Good afternoon to you all,


The Institut Pasteur, at the forefront of efforts to tackle infectious diseases for more than a century, has been a constant presence through our recent history and the many threats to public health that we have continued to face, from diphtheria, tetanus, tuberculosis and polio to influenza, yellow fever, epidemic plague, hepatitis B and HIV. So many diseases were discovered and brought under control thanks to the efforts of the Institut Pasteur.

So you are gathered here in a place of science, a place of encounters, a place of remarkable history that has contributed to France's standing on the world stage, with many of its scientists decorated with the Nobel Prize in Physiology or Medicine.

I would like to thank all the delegates, some of whom have come from far afield – the United Kingdom, Switzerland, Israel, the United States, China and South Africa –, and also the institutions represented – the CNRS, Inserm, the ANRS, SPF, the CDC, WHO and many others that I cannot list here.

The event that brought you to the Institut Pasteur for the past two days featured a prestigious line-up, with specialists from all over the world who are known and recognized in their respective fields. And rightly so, in an epidemic context that has proven – if proof were needed – that coordination and discussion are crucial in mounting an effective response to an unprecedented global challenge.

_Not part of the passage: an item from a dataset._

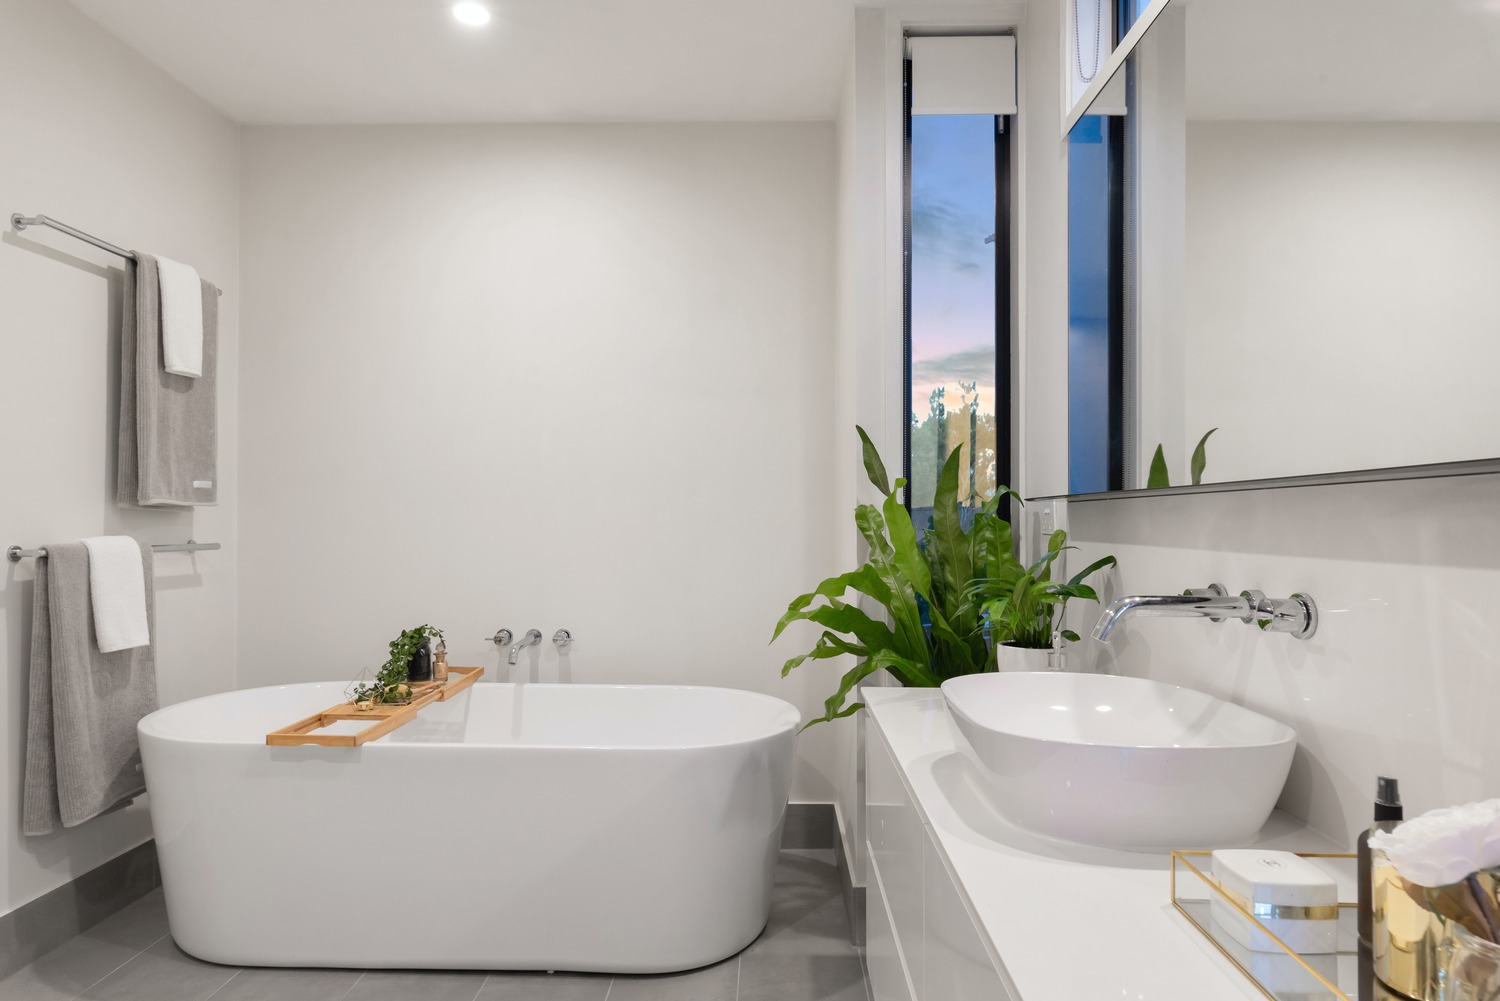 You are currently viewing What is the Cost of a Complete Bathroom Remodel in India?
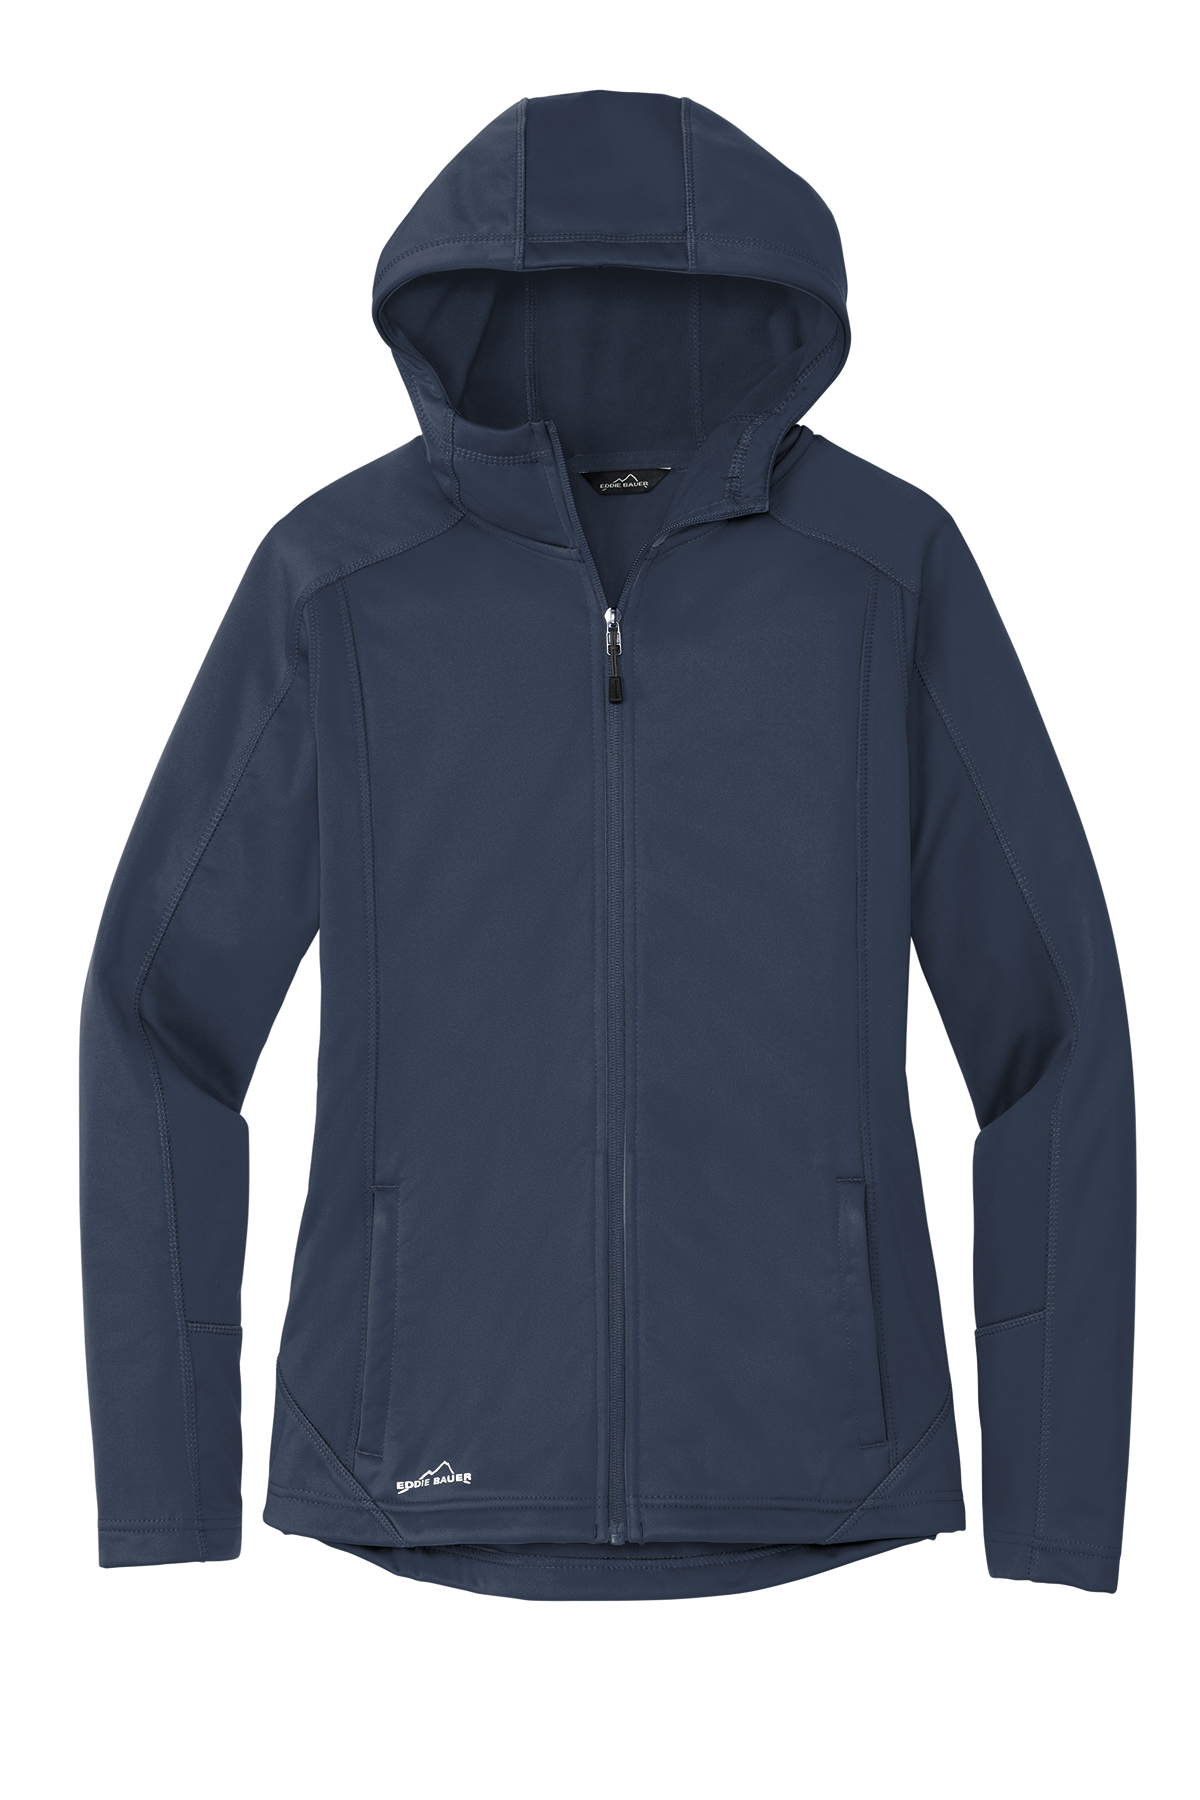 Company Bauer Eddie Product Ladies | Casuals Shell Jacket | Trail Soft

Your discussions have touched on:

  • Issues related to evolutionary microbiology, drawing our attention to the constant interactions that take place in the living world, the ecological principles underpinning communicable diseases, the importance of the environment and, in response, the need for genomic surveillance.
  • Epidemiological issues, too, whether modes of transmission or how to assess the impact of each restrictive measure adopted. These issues have played a central part in the day-to-day lives of our fellow citizens in recent months, turning epidemiology into a subject of discussion almost like any other. If you had told me during my medical training that one day the modes of transmission of a virus would be the preferred topic of conversation over Sunday lunch, I don't know whether I would have believed you. More seriously though, assessing the impact of the innovative measures adopted is of major importance, and the actual effectiveness of the health pass, for example, merits investigation, since it is affecting the daily lives of people all over the world.
  • You have discussed therapeutics, from the initial frustration at curative therapies – even though we are now starting to see encouraging results – to the surprise at highly effective vaccines which have revealed the revolutionary potential of the mRNA technique. With France recently passing the milestone of 50 million people having received at least one vaccine dose, the results show extremely high effectiveness and an excellent level of tolerance, not to mention a dramatic about-turn over vaccine hesitancy in France. This vaccine, which was still in the process of development just one year ago, is an outstanding feat of research, but one that has unfortunately not escaped the headwinds of ignorance, mistrust and conspiracy theories – and this is also one of the key lessons that we can take away from the health crisis. Communicating research results has become a real challenge in the research process, a sort of final straight that must not be neglected under any circumstances.
  • Another important subject is particular population groups, such as children and also those who go on to develop long-term symptoms with highly complex pathophysiological mechanisms, requiring specific treatment.
  • Finally, humanities and social sciences played a part in your discussions, and this is a particular source of encouragement for me because these dimensions are crucial in our efforts to foster accurate perceptions of the disease. I mentioned the headwinds of conspiracy theories a moment ago, and this is a huge challenge facing us, because today we are seeing the very authority of scientific expertise being undermined.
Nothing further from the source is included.